The fault does not lie with the ICC but with the member states who drafted a law that allows cases to go to the ICC only if they give their consent or the Security Council sends it to it, the source said.
"Blame the nation states, not the ICC. The ICC prosecutor does not have the freedom to choose. And the bigger picture – what a message it sends to all heads of state and politicians – isn't that positive?"
Asked about reports that some, or most, of the 30 African countries may withdraw from the court in protest, Steve Lamony, the CICC's Africa officer based in Uganda, told IPS: "No, I do not think that African states would pull out of the ICC, because if they did, it would be going against the spirit of article 4 of the constitutive act of the African Union which rejects impunity.

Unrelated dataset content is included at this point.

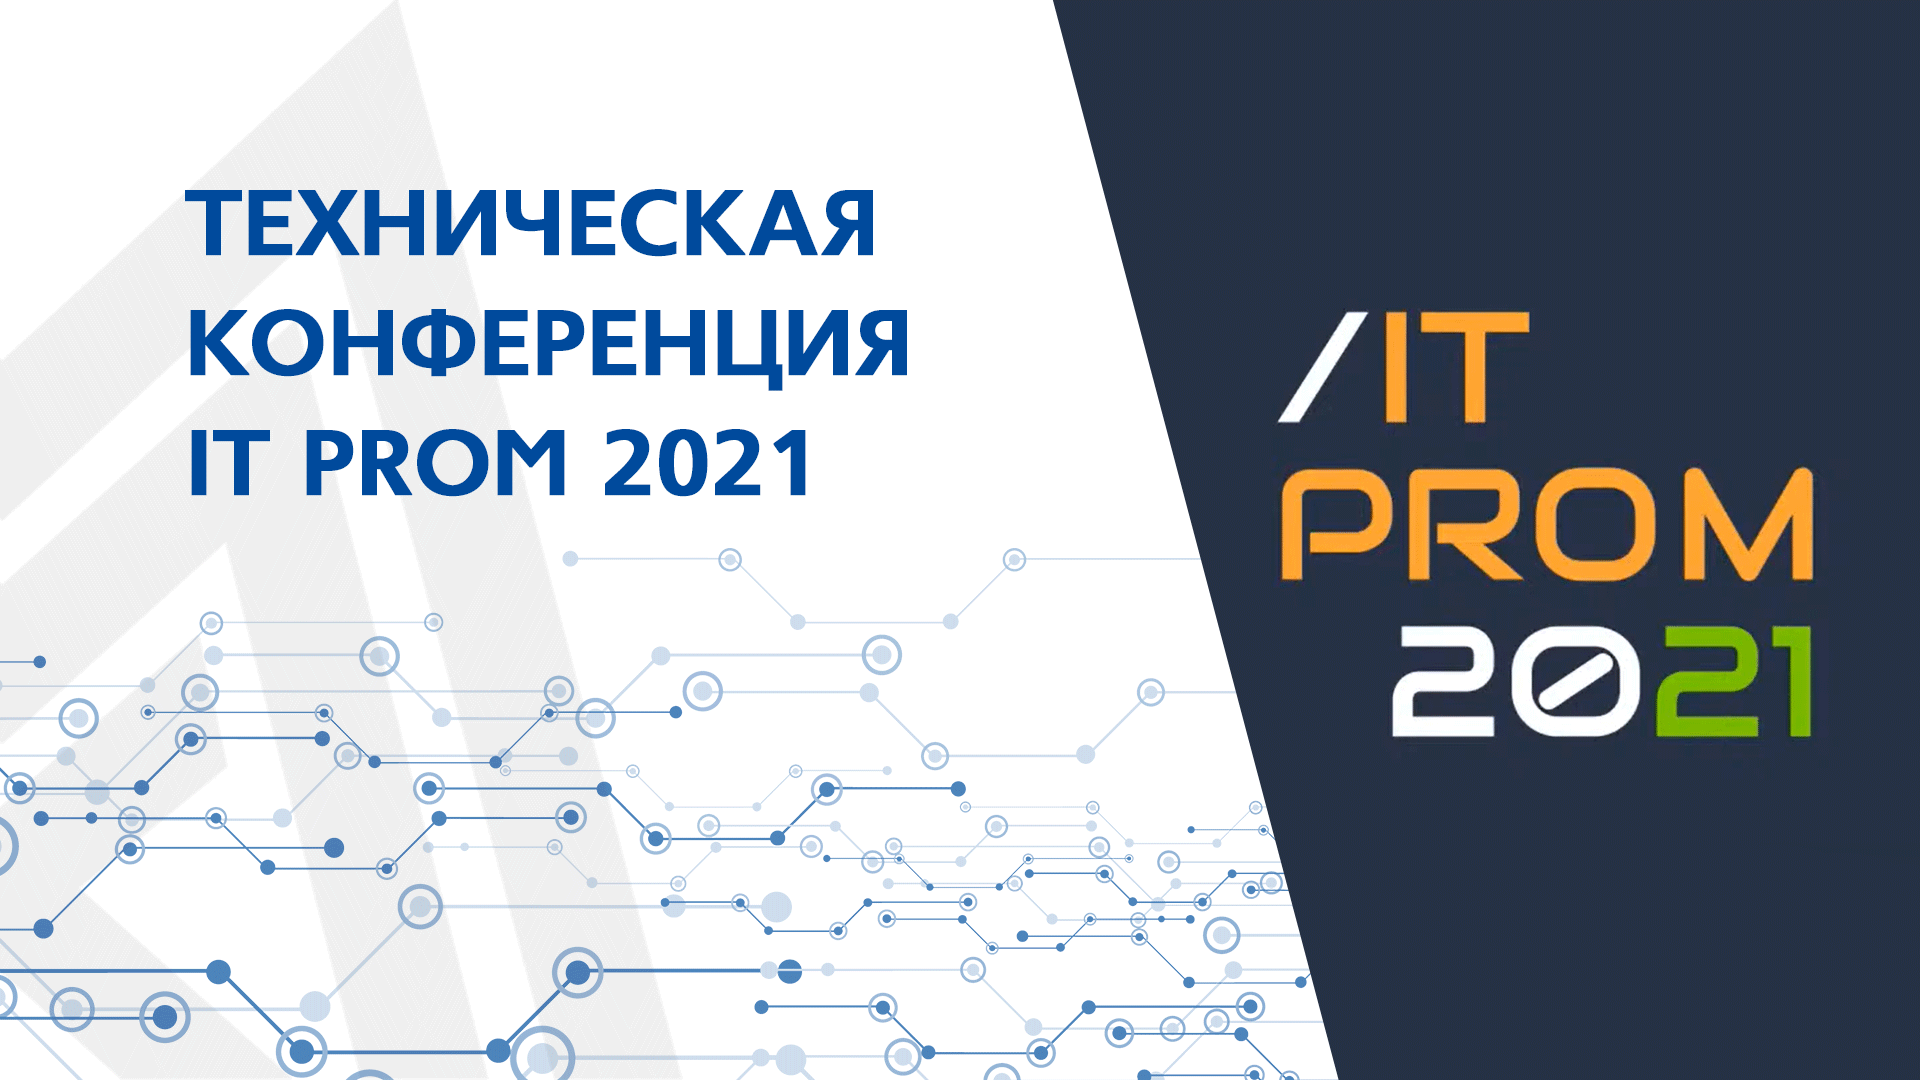 Техническая конференция IT PROm 2021

The AU has emphasised several times that it does not condone impunity."
Lamony also said African states are also likely to perceive the news about the death threats to ICC Chief Prosecutor Luis-Moreno Ocampo, and suicide bombings in countries that support the ICC by the Coalition of Jihad and Martyrdom Movements, as attempts to hold the world hostage in order to condone impunity for perpetrators of human rights abuse.
Meanwhile, in the recent ICC elections held in January 2009, over 10 judicial candidates from Africa threw their hats in the ring, far more than from any other geographical region. Two of the six newly elected judges are from Kenya and Botswana.
The other African countries represented on the 18-judge bench include Ghana – vice president of the court and president of Pre-trial Chamber which issued the al-Bashir decision – Uganda and Mali.
The CICC says that delegates from Africa in New York and in Brussels/Hague are far more supportive of the ICC then their counterparts at the AU," who are much less aware of the developments at the ICC."
Within the governing body of the court, African countries are taking a leading role, with South Africa as the focal point for the review conference discussions.